How to solve for #inte^xcosxdx# ?

2 Answers
Feb 15, 2018

#int\ e^x cos(x)\ "d"x=1/2e^x(sin(x)+cos(x))+C#

Explanation:

#I=int\ e^x cos(x)\ "d"x#

We will be using integration by parts, which states that #int\ u\ "d"v=uv-int\ v\ "d"u#.
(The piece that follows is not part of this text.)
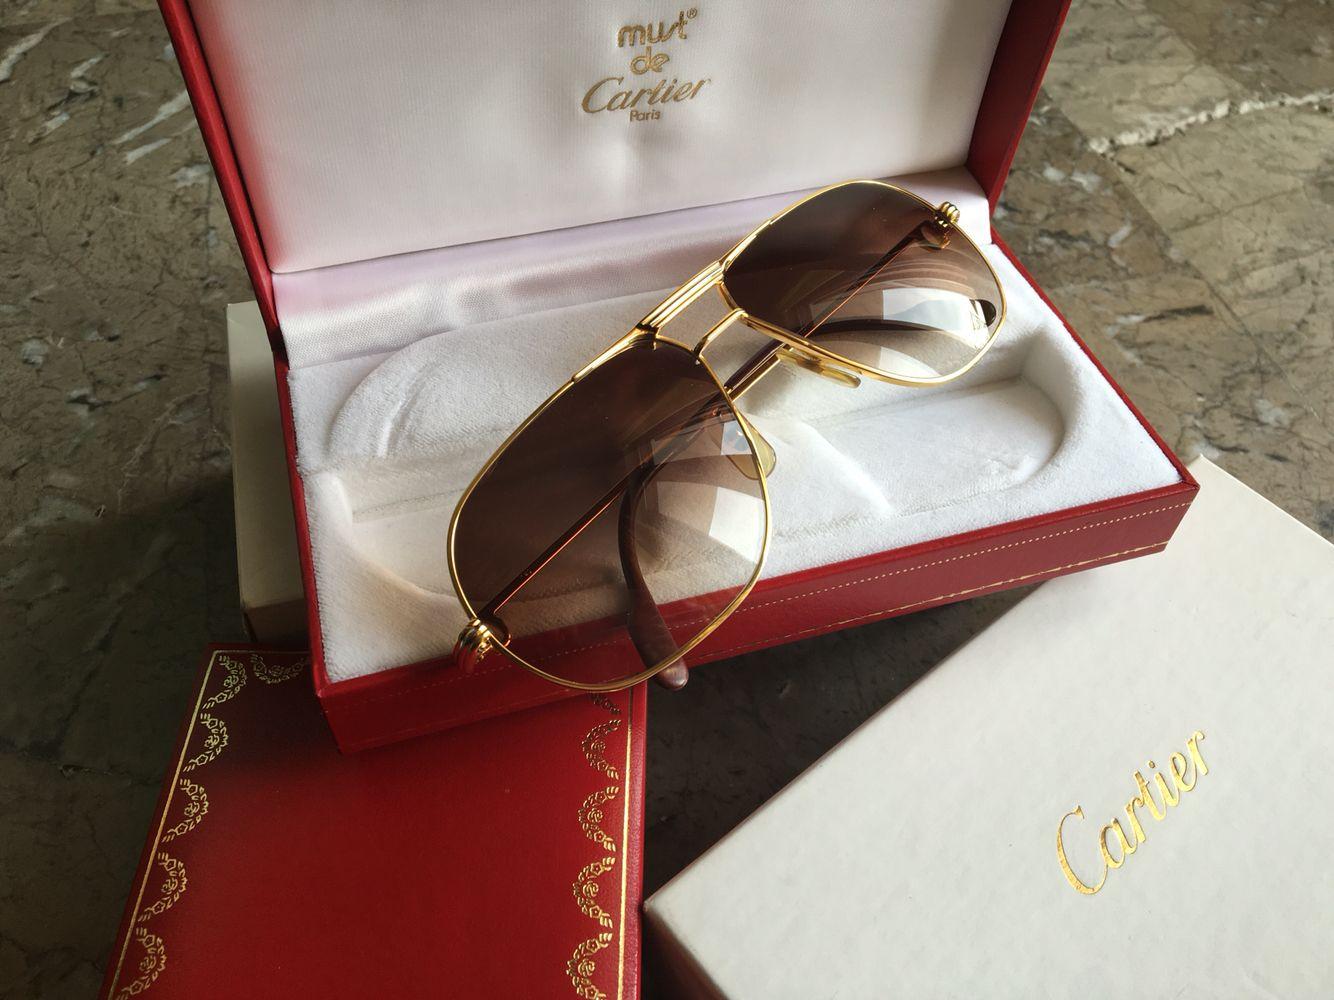 70270de408d Giverny Wood de Cartier occhiali bubinga Or - Abbigliamento e Accessori In  vendita a Caserta

Use integration by parts, with #u=e^x#, #du=e^x\ "d"x#, #"d"v=cos(x)\ "d"x#, and #v=sin(x)#:

#I=e^xsin(x)-int\ e^xsin(x)\ "d"x#

Use integration by parts again to the second integral, with #u=e^x#, #"d"u=e^x\ "d"x#, #"d"v=sin(x)\ "d"x#, and #v=-cos(x)#:

#I=e^xsin(x)+e^xcos(x)-int\ e^xcos(x)\ "d"x#

Now, recall we defined #I=int\ e^x cos(x)\ "d"x#. Thus, the above equation becomes the following (remembering to add a constant of integration):

#I=e^xsin(x)+e^xcos(x)-I+C#

#2I=e^xsin(x)+e^xcos(x)+C=e^x(sin(x)+cos(x))+C#

#I=1/2e^x(sin(x)+cos(x))+C#

Feb 15, 2018

See below.

Explanation:

Using de Moivre's identity

#e^(ix) =cos x + i sin x# we have

#int e^x cos x dx = "Re"[int e^x(cos x + i sin x)dx] = "Re"[int e^(x + ix) dx]#

but #int e^((1+i)x) dx = 1/(1+i)e^((1+i)x) = (1-i)/2 e^x e^(ix) = #

#= (1-i)/2e^x(cos x+isinx) = 1/2e^x(cosx+sinx)+i1/2e^x(sinx -cosx)#

and finally

#int e^x cos x dx = 1/2e^x(cosx+sinx)+C#